Лепурников смешался. Он, должно быть, тоже допрашивал пленных, знал порядок. Порядка не было, он и смешался.
— Ну?
— Явился сообщить… Явился сообщить, — повторил он снова тихо и медленно, уставившись небольшими сощуренными глазами в окно, а потом крикнул громко и глядя прямо на Мещерякова: — Сорок первый полк во время предстоящего боя готов перейти на вашу сторону!
Мещеряков не ответил. Сел. Стал набивать трубку и унтеру протянул кисет. Тогда уже и спросил:
— В полном составе желаете перейти?.. Куришь?
— Так точно! В полном… Курю. Но, верите ли… верите ли — не тянет нынче на курево. Не могу.
— Да ну-у?
— Точно так. Сам не знаю, почему могло случиться. Непонятно.
— Сорок первый полк в разное время нами был сильно побитый. И в Малышкином Яру, и в других местах. Но все одно в нем, надо думать, не одна сотня живых людей еще остается. От чьего имени говоришь?
— От имени всего, можно сказать, личного состава, шестьсот человек. Кроме лишь офицерского. Но есть и офицеры, и даже половина, как не более, тоже пойдут к вам. Один командир батальона среди таковых. Поскольку он же состоит в тайном комитете по этому делу.
— В каком комитете? У вас что — они тоже имеются в достаточном количестве?
— Комитет — для перехода на вашу сторону.

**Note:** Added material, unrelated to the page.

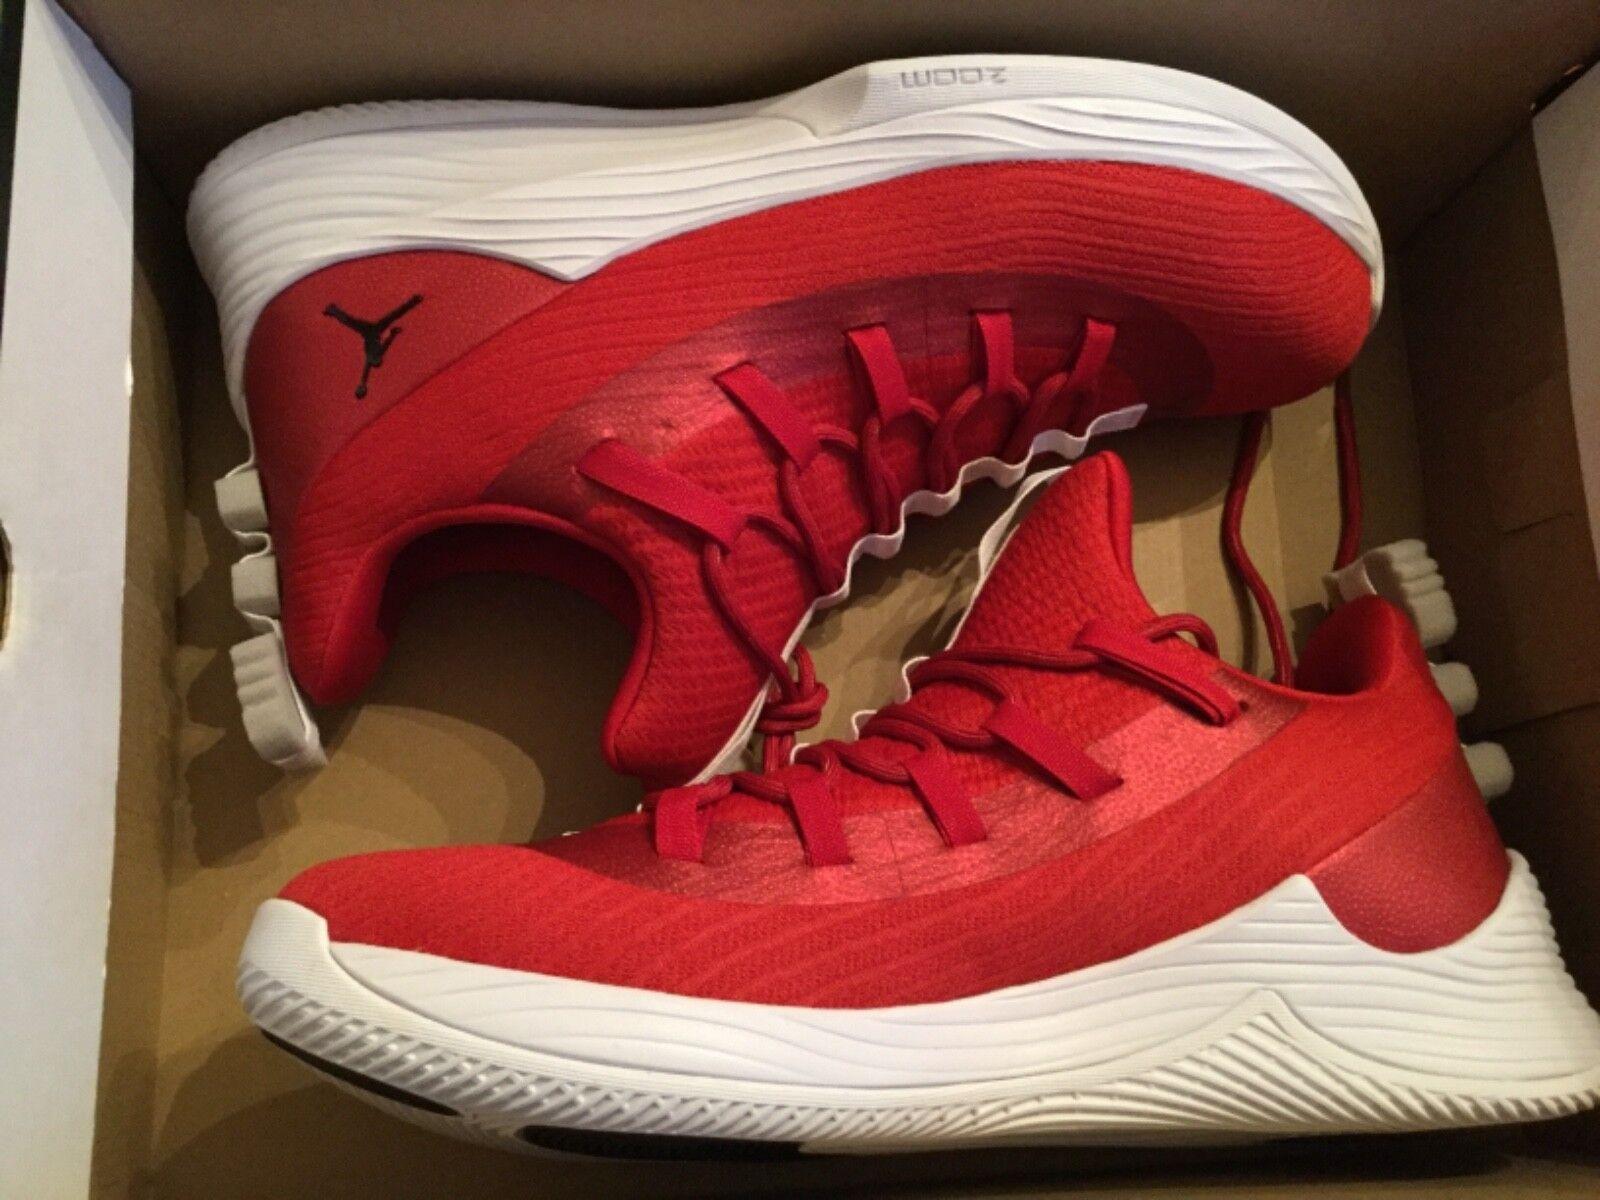 New Men's Nike Jordan Ultra Fly  2 Low shoes sneakers AH8110-601 Sz 10.5 gym red
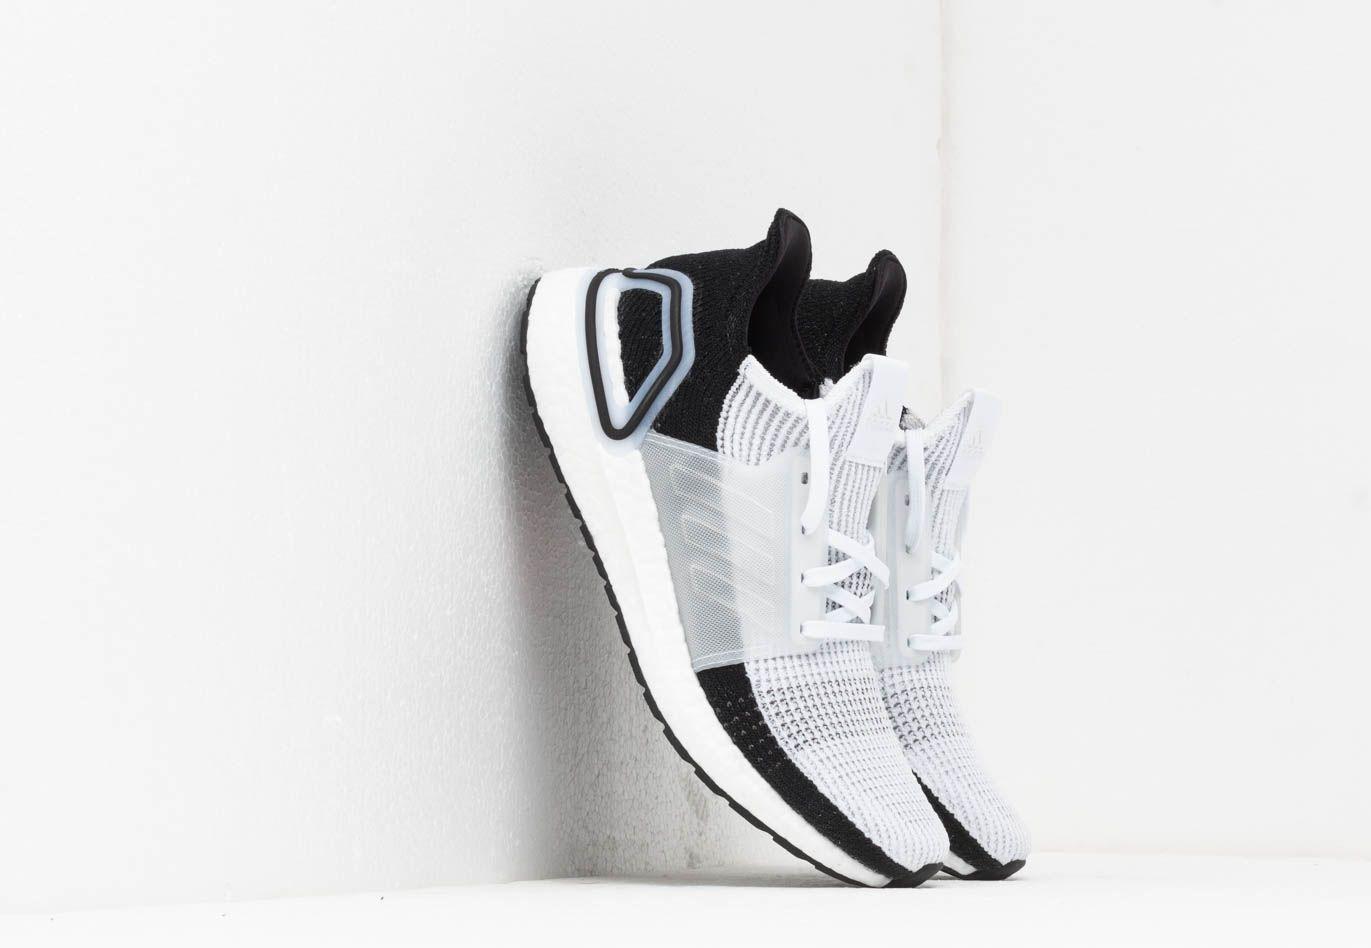 06e033b73 Adidas Originals - Adidas Ultraboost 19 Ftwr White  Ftwr White  Grey Two  for Men. View fullscreen

— Имеешь ли что от этого комитета? Какую бумажку?
— Это невозможно.
— Почему?
— Схватят и найдут бумажку! — Унтер вытер лоб, опять уставился в окно. — Не говоря о себе — постреляют половину полка. И не ошибутся, тех постреляют, кто в комитете. Вообще — кто настроен в пользу красных.
— Как же это смогут догадаться?
— Не надо догадываться. За каждым из таких когда-нибудь, а услышано слово, либо письмо просмотрено, либо неуважение к старшему замечено. Всем таким и сделают список, потом скомандуют три шага вперед.
— Не получается у тебя, унтер Лепурников: полк готовый чуть ли не весь перейти на красную сторону, а одному перебежать нельзя — схватят? Кто же схватит, кто расстреляет, когда едва ли не все в одном сговоре состоят?
— И состоят, и схватят, и расстреляют… — сказал унтер снова, будто в первый раз оглядев Мещерякова. — Все под страхом. Всё сделают. Что прикажут, то и сделают.
— А кого же боятся? Самих себя?
— Именно! Именно! — обрадовался вдруг унтер. — Самих себя — это обязательно! Колчака мы боимся, чехов — боимся, красных — боимся, но больше — самих себя! Каждый же на тебя может донести, настукать, себе благонадежность приобресть. Потому что без благонадежности тебя тут же пошлют под самый смертоносный огонь, и вы меня убьете. Того и убьете в первую очередь, который об вас сказал хорошее слово. И всюду так. Самые благонадежные полковники и генералы — оне при самом же Колчаке в городе Омске, а здесь — в ихних глазах уже чем-то замаранные.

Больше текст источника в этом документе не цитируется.